Elle s'insurge contre le silence du monde, qui semble indifférent à la répression sauvage déployée contre les manifestants syriens, dont au moins un millier ont été tués depuis la mi-mars.

L'idée que Bachar al-Assad, qui n'a pas hésité à faire tirer à balles réelles sur des civils, puisse maintenant diriger un dialogue avec l'opposition lui paraît complètement incongrue. «Mais avec qui va-t-il parler? Les opposants sont morts ou en prison.»

Elle ne comprend pas pourquoi le président Bachar al-Assad n'a pas été traité comme l'Égyptien Hosni Moubarak ou le colonel Mouammar Kadhafi. Car il a suffi de 10 jours de manifestations en Égypte pour que la Maison-Blanche pousse Moubarak à céder sa place. Le pouvoir de Kadhafi, lui, a été décrété illégitime. Mais pas le président Assad. Pourquoi?
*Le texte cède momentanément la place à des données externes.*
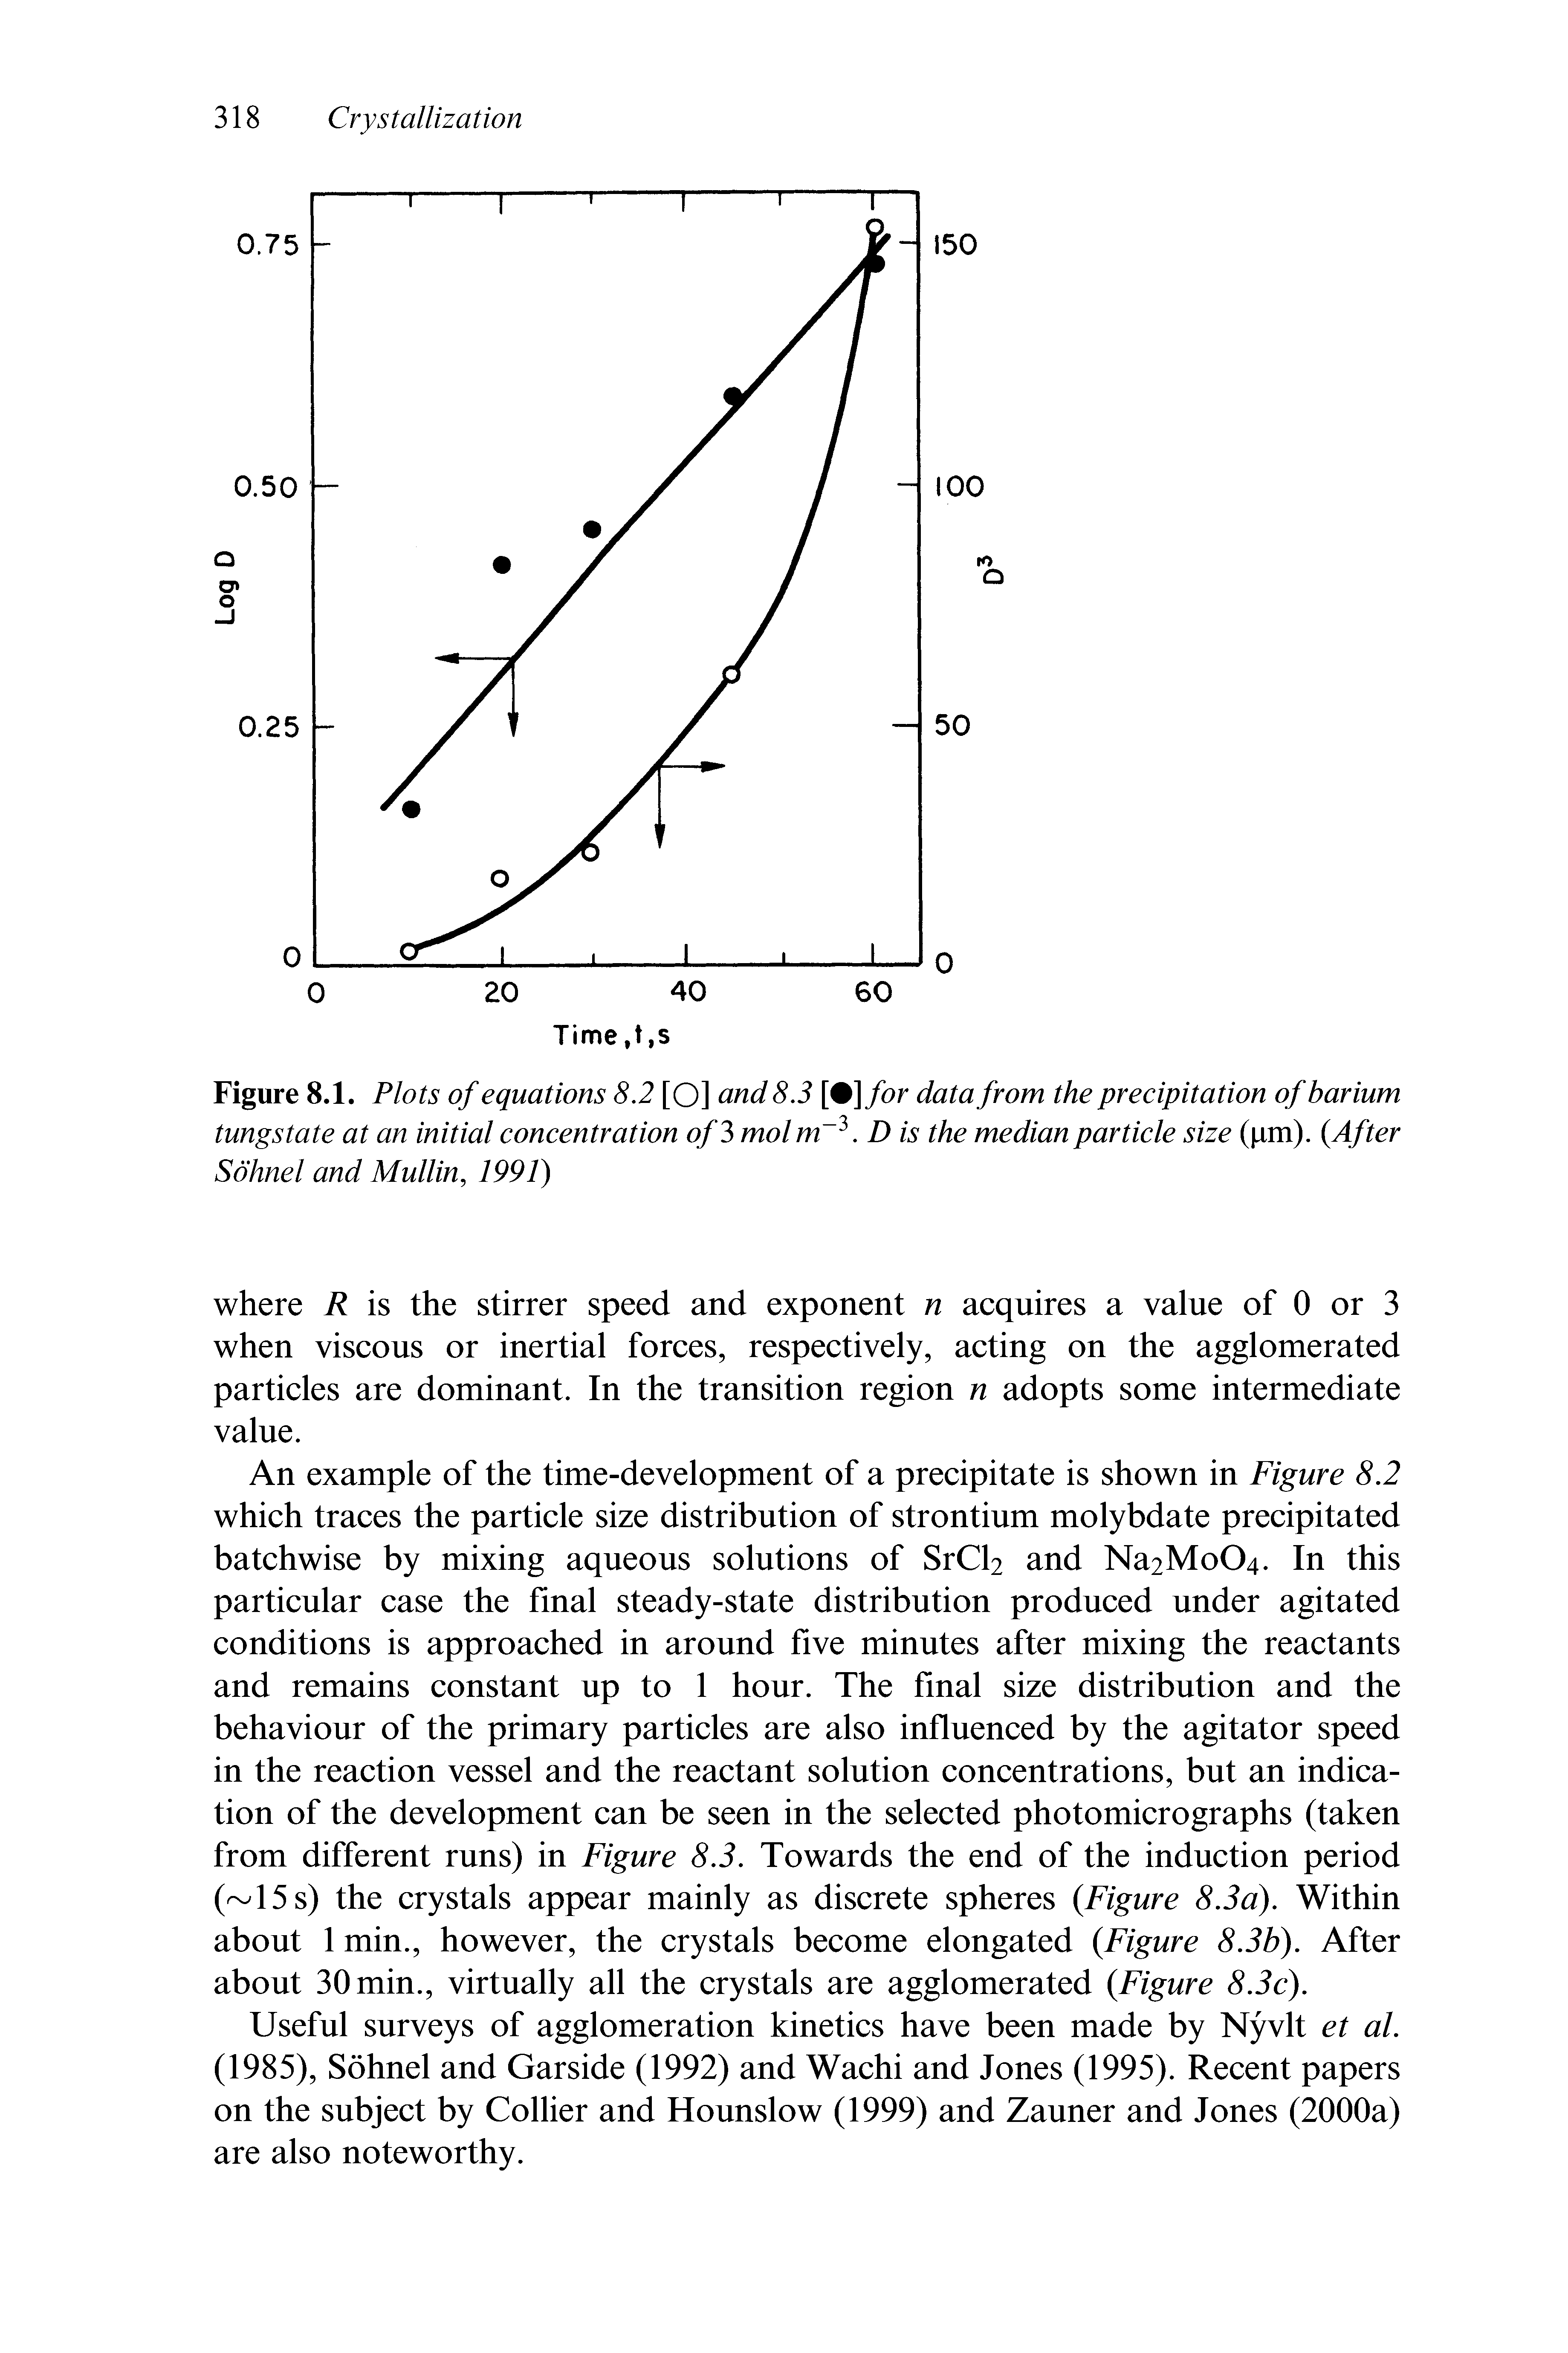 Figure 8.1. Plots of equations 8.2 [O] and 8.3 [%]for data from the precipitation of barium tungstate at an initial concentration of 3 mol m. D is the median particle size ( am). After Sdhnel and Mullin, 1991)...

Une partie de la réponse se trouve dans le discours de Barack Obama. Oui, les États-Unis appuient la démocratie dans le monde arabe, dit-il. Mais avec une nuance. «Il y aura des moments où nos intérêts à court terme ne seront pas parfaitement alignés avec notre vision à long terme pour la région.»

C'est probablement le cas en Syrie, pays stratégique qui entretient des amitiés avec l'Iran et le Hezbollah libanais, par exemple.

La chute du régime ferait infailliblement des vagues chez les voisins. Et menacerait la stabilité - ce mot qu'Afra déteste tant. La menace, de toute évidence, augmente le seuil de tolérance vis-à-vis des tyrans.

La même logique s'applique à Bahreïn, allié stratégique de Washington, qui a fait appel à l'Arabie Saoudite pour réprimer ses propres manifestants. Barack Obama l'a mollement appelé à dialoguer avec ses opposants. Quant à l'Arabie Saoudite, qui n'est pas tout à fait un royaume de liberté, elle n'a pas eu droit à une seule mention. Rien, pas un mot. Intérêts stratégiques? Sûrement. À court terme seulement? Pas évident...

Le courage

Maimouna Alammar n'a pas eu le temps d'écouter le discours d'Obama. Au moment où celui-ci traçait les nouveaux contours de sa politique vis-à-vis du monde arabe, la jeune Syrienne de 24 ans était rivée à l'écran de son ordinateur. De sa maison de Darrya, en banlieue de Damas, elle donnait des entrevues, sur Skype, à des médias étrangers.

Pour comprendre ce que ce geste requiert de courage, il faut savoir que la plupart des témoignages qui proviennent de la Syrie depuis le début des manifestations sont diffusés anonymement. Et que la dictature syrienne n'a pas besoin de beaucoup de raisons pour jeter un opposant en prison.

Mais même si elle est enceinte jusqu'aux oreilles et qu'elle doit accoucher dans deux semaines, Maimouna veut parler. D'une voix étranglée, elle nous trace un état des lieux. Sa mère vit à Daraa, là où ont commencé les manifestations. Encerclée par les blindés, cette ville est soumise à un implacable état de siège.

Le téléphone, l'électricité, l'eau, tout est coupé. «Dimanche et lundi, les lignes téléphoniques ont été rétablies après un silence d'un mois, mais seulement pour deux jours.»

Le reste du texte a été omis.